Easier to focus on the latter line of conversation. ]
I do. [ He nods, then pauses, glances at Markus for confirmation. ] I think I do.
[ To say Fitz understands the androids or Ophelia just because of the time he spent building AIDA or working with her, being with her, the fleeting hours where he just watched as she processed, talking him through how it felt — ]
There were too many other factors in play. [ Radcliffe's programming, the Framework, Leopold James Fitz. Love, then loss. ] And it was extreme, all of it. [ the physical and emotional drain more than any being could bear. He's eight months out and still in shambles. In truth, Fitz thinks he lives in the swing, always going from one end to the furthest reaches of the other — a quiet crest of emotion with Markus here, or a deadly slash at Daisy during the outbreak — but there are people catching his hand, fingers slipping through his own, trying to help him reach equilibrium until he can maintain it alone.
He doesn't know how to say what that means to him. Instead, it's something he'll need to show, when the opportunity presents itself. ]
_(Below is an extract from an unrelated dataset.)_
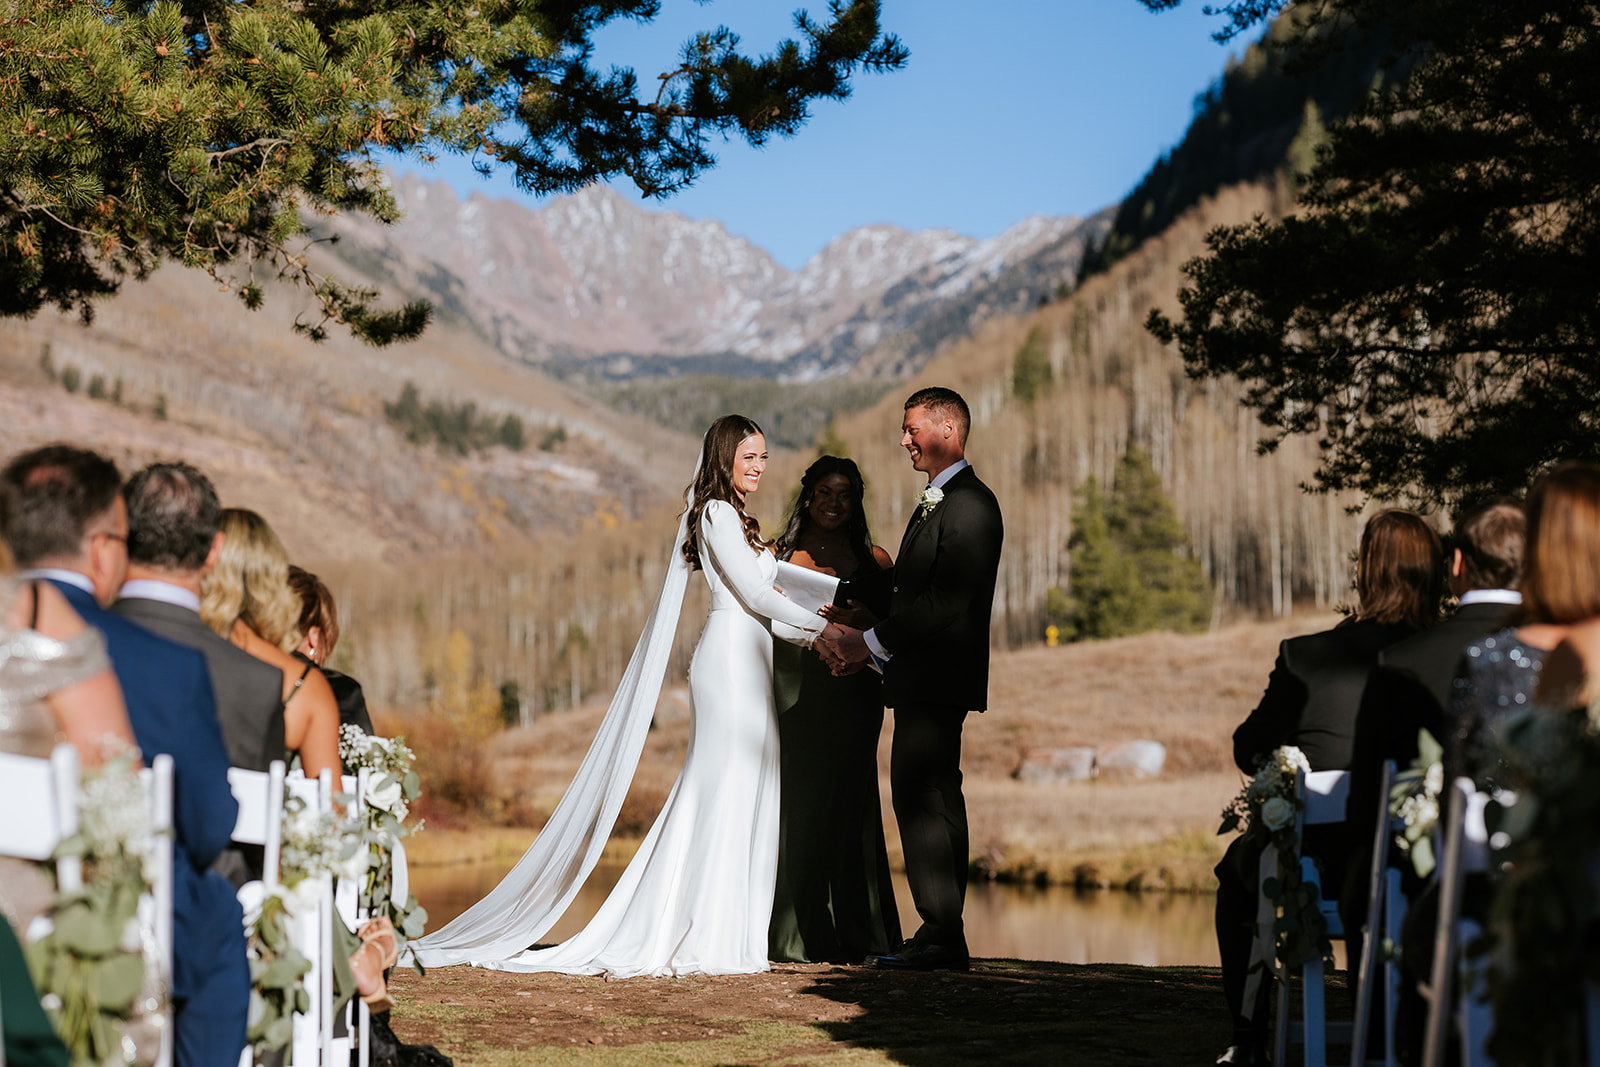 Colorado wedding ceremony on wedding island at Vail Golf Club and Nordic Center.

That's what I told Daisy, when she asked me about her. And you. [ exhaling. ] Only no one else sees it that way, not yet. [ his voice lowers. ] Ophelia is our Elysian. More localised, but.
[ When Daisy, when anyone from his team meets Markus or Connor — or someone like them — they're going to see her. The man Fitz was with her. What she did. How she couldn't cope with being human for a mere forty-eight hours. ]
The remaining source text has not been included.